Bush has said he is sending 21,500 more troops to Iraq, most to bolster the new crackdown, despite fierce opposition from Democrats who now control Congress, resistance within his own party and public skepticism.
"On this day, at this hour, it is still within our power to shape the outcome of the battle. Let us find our resolve, and turn events toward victory," Bush told Congress.
The U.S. military said two U.S. Marines were killed in combat on Tuesday in western Anbar region, heartland of the Sunni insurgency, where Bush plans to send 4,500 fresh troops.
HAIFA STREET
In Wednesday's Haifa Street operation, the U.S. military said "direct, indirect and air support fire assets were used in support of troops in contact from high rise buildings."
Two residents told Reuters they saw a large armored force of U.S. and Iraqi troops enter Haifa Street at 6 a.m. (0300 GMT). They said the shooting had died down by late afternoon.
The Muslim Scholars Association, a leading Sunni clerics group, condemned the raid as part of "a campaign of genocide" against Sunnis and said a number of buildings had been damaged and people killed.
Security sources said a helicopter owned by Blackwater, a U.S. security company, that crashed in the area on Tuesday was forced down after the pilot was shot dead.
Three others on board the aircraft, which had been guarding a diplomatic convoy on the ground, may have been shot on landing, they said, although other reports suggested they died when the aircraft crashed. A fifth person on a second Blackwater helicopter was also shot dead.
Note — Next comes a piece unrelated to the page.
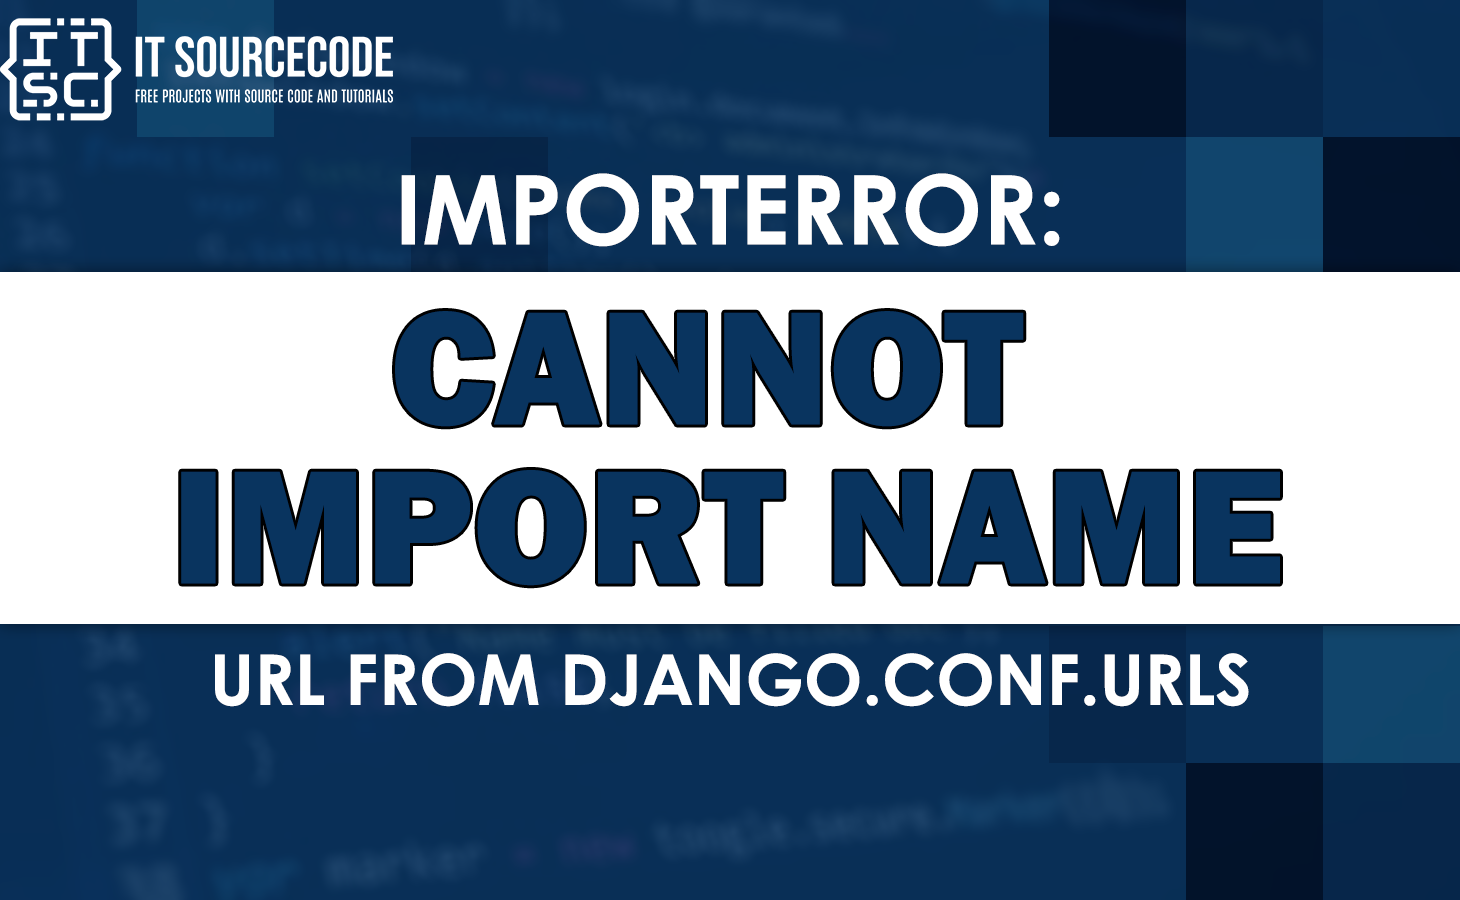 Importerror cannot import name url from django.conf.urls

U.S. ambassador Zalmay Khalilzad paid his condolences to the security contractors, who helped protect U.S. embassy personnel, saying he had known them personally.
Gunmen opened fire on the motorcade of Iraq's higher education minister, Abd Dhiab al-Ajili, on a highway in southern Baghdad on Wednesday, killing one of his guards and seriously wounding another, the minister told Reuters.